Yes. A professor that teaches more courses will be represented more times in the study and have undue weight on the overall answers.
#18: Based on your final model, describe the characteristics of a professor and course at University of Texas at Austin that would be associated with a high evaluation score.

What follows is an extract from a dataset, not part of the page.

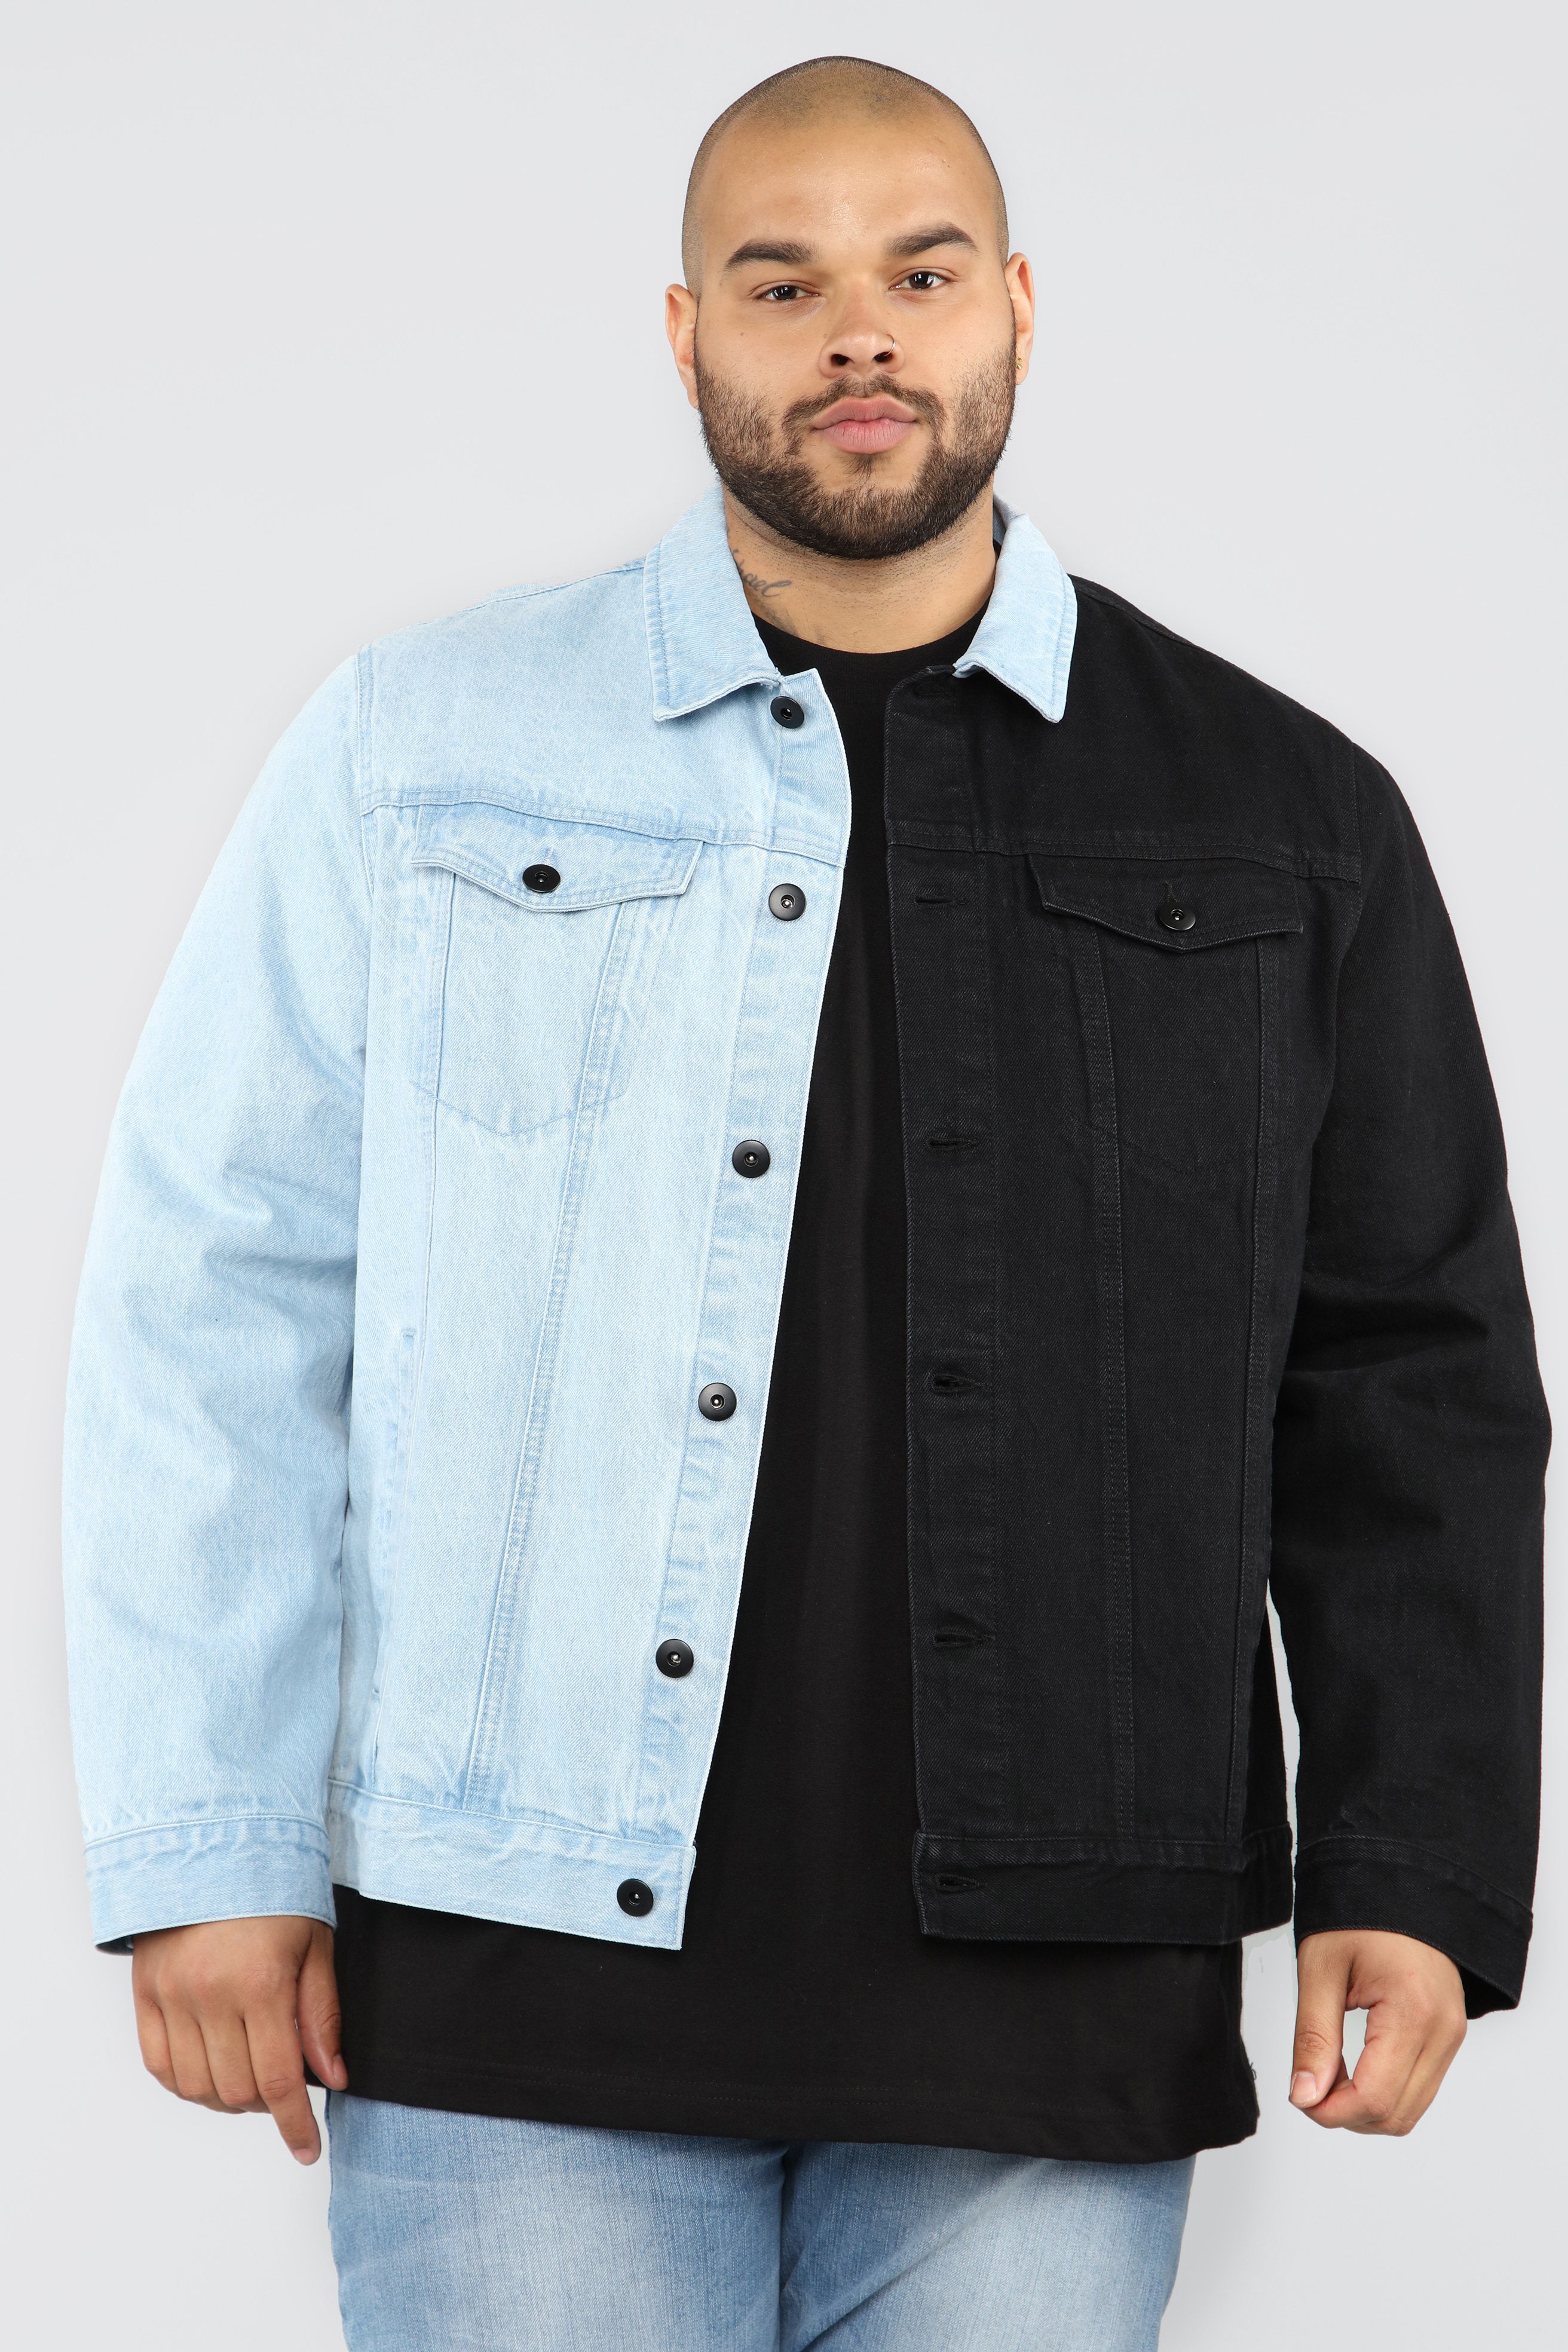 2 tone jean jacket

According to our model a high scoring professor would be, in no particular order: neither tenured or on tenure track, not a minority, male, speaks english, is young, teaching upper level courses worth one credit and is physically attractive.
#19: Would you be comfortable generalizing your conclusions to apply to professors generally (at any university)? Why or why not?
It seems reasonable to generalize this study to other schools in the United States. I would be wary about straying too far away to places with different cultural norms.